=== Begin Enclosure ===

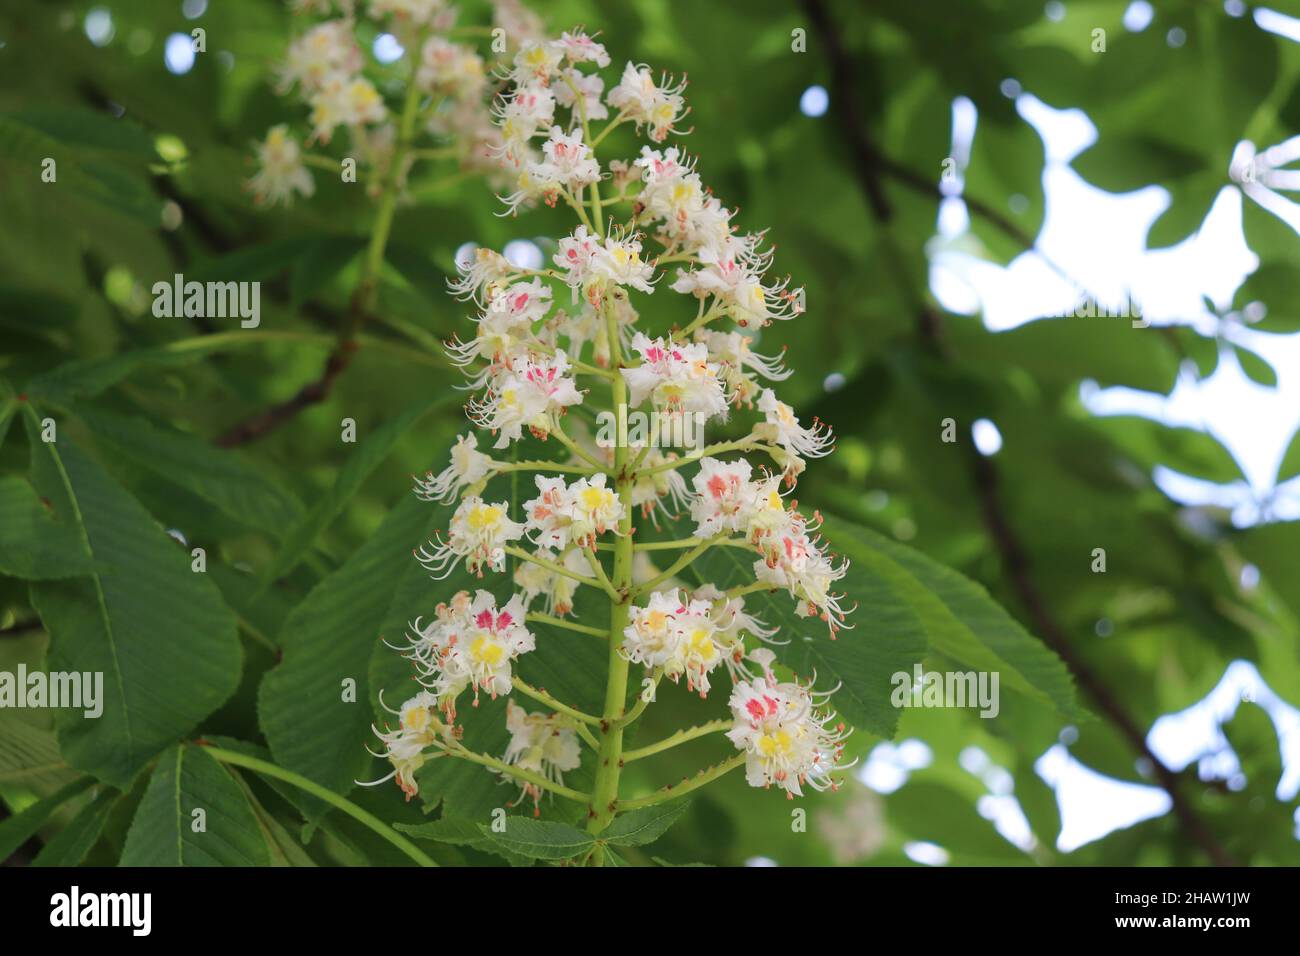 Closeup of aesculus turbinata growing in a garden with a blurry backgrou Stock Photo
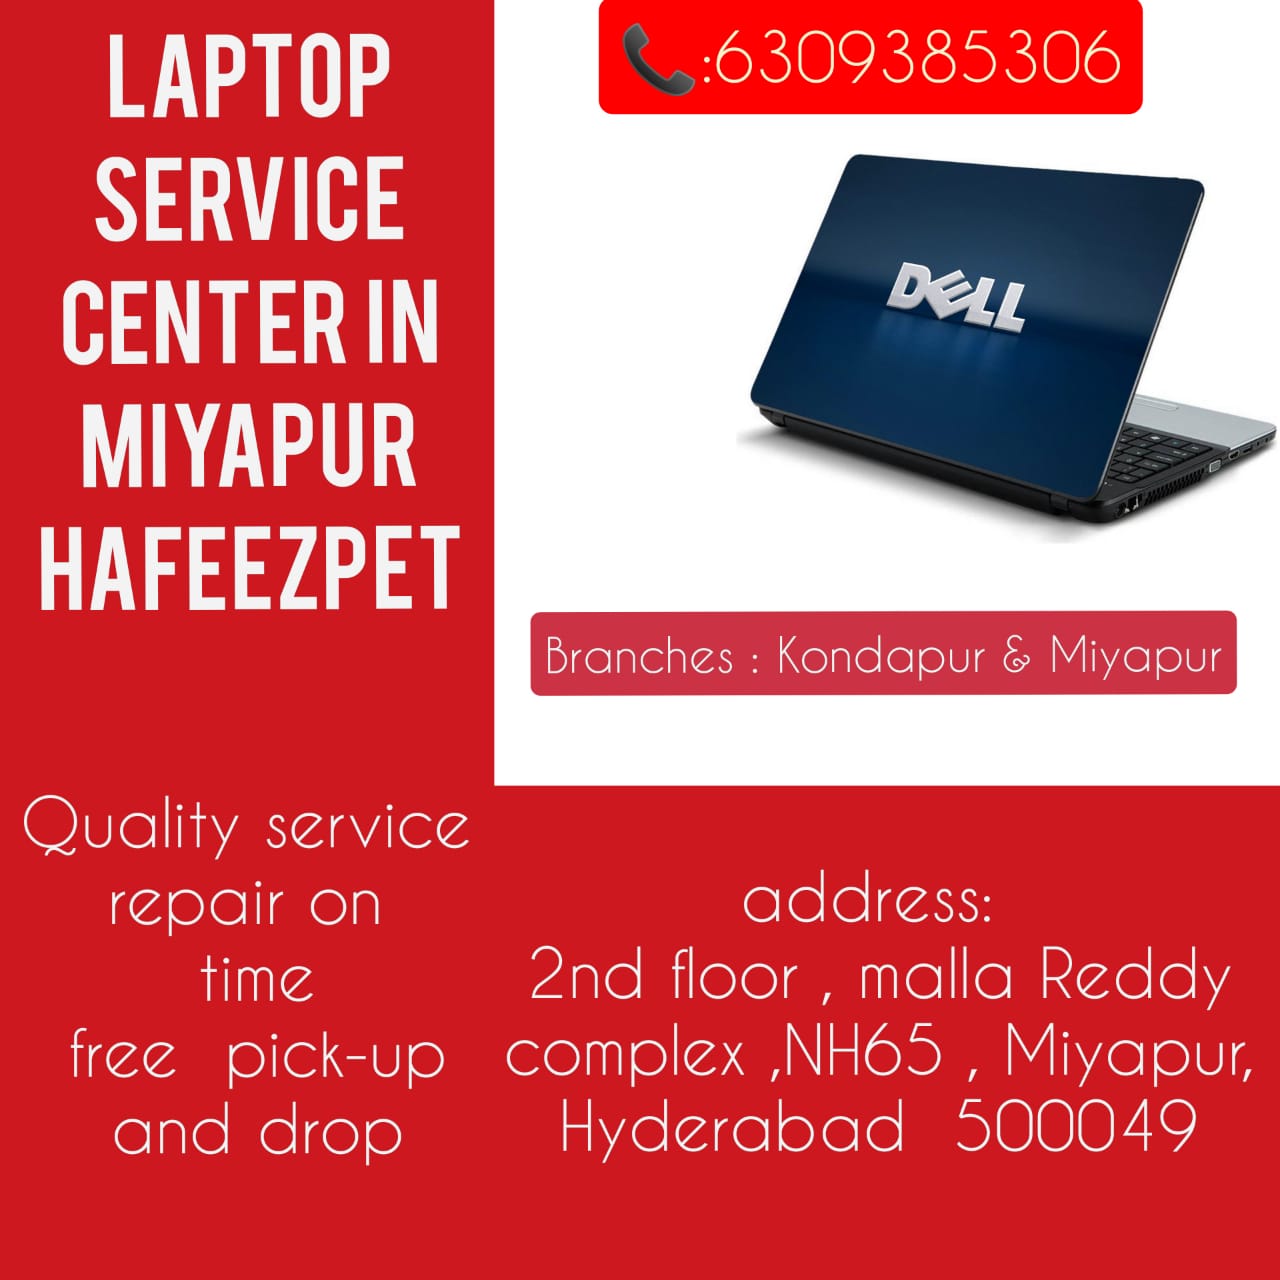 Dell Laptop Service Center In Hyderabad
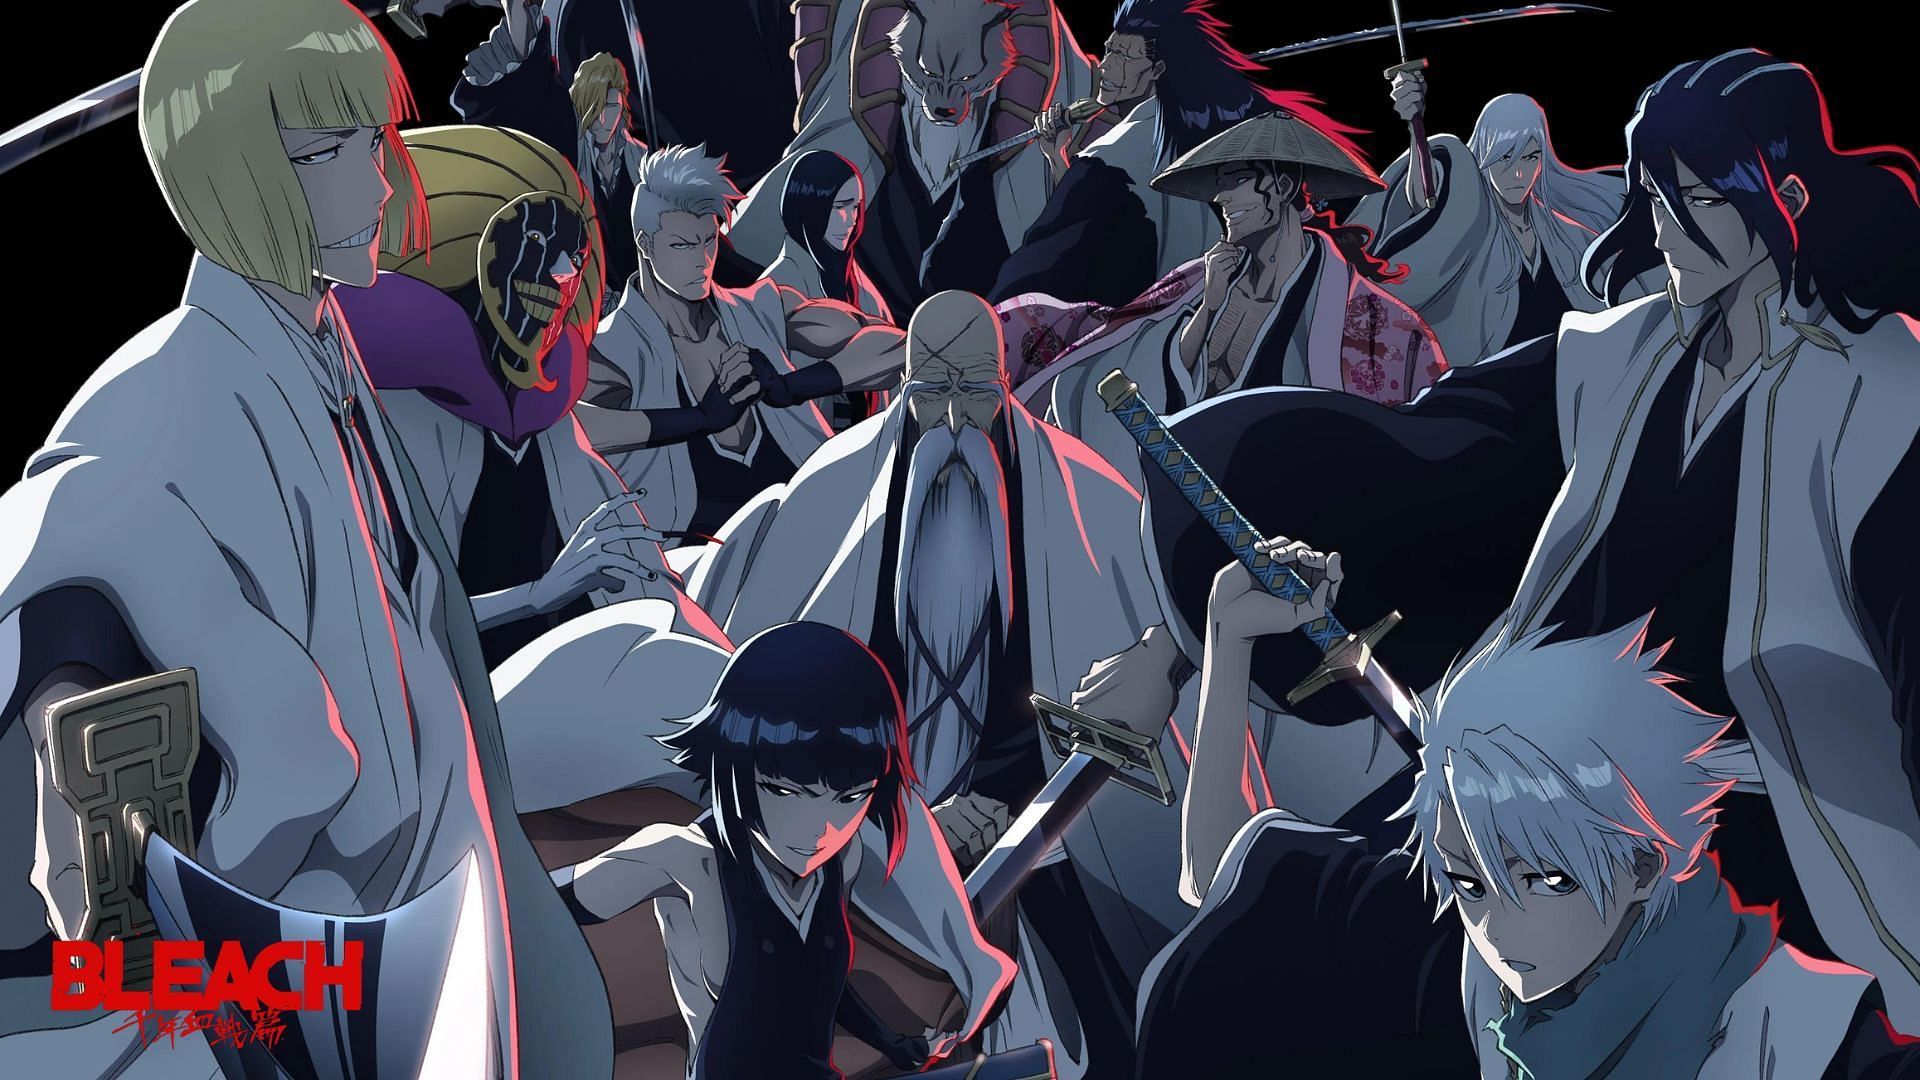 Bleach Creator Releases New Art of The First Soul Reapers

=== End Enclosure ===

Required action: What you need to copy is the run of lines from the one holding "Dell Laptop Service Center In Hyderabad" through the end of the data, exactly and only, both ends included, pictures omitted.

Answer space:
 Dell Laptop Service Center In Hyderabad
 Bleach Creator Releases New Art of The First Soul Reapers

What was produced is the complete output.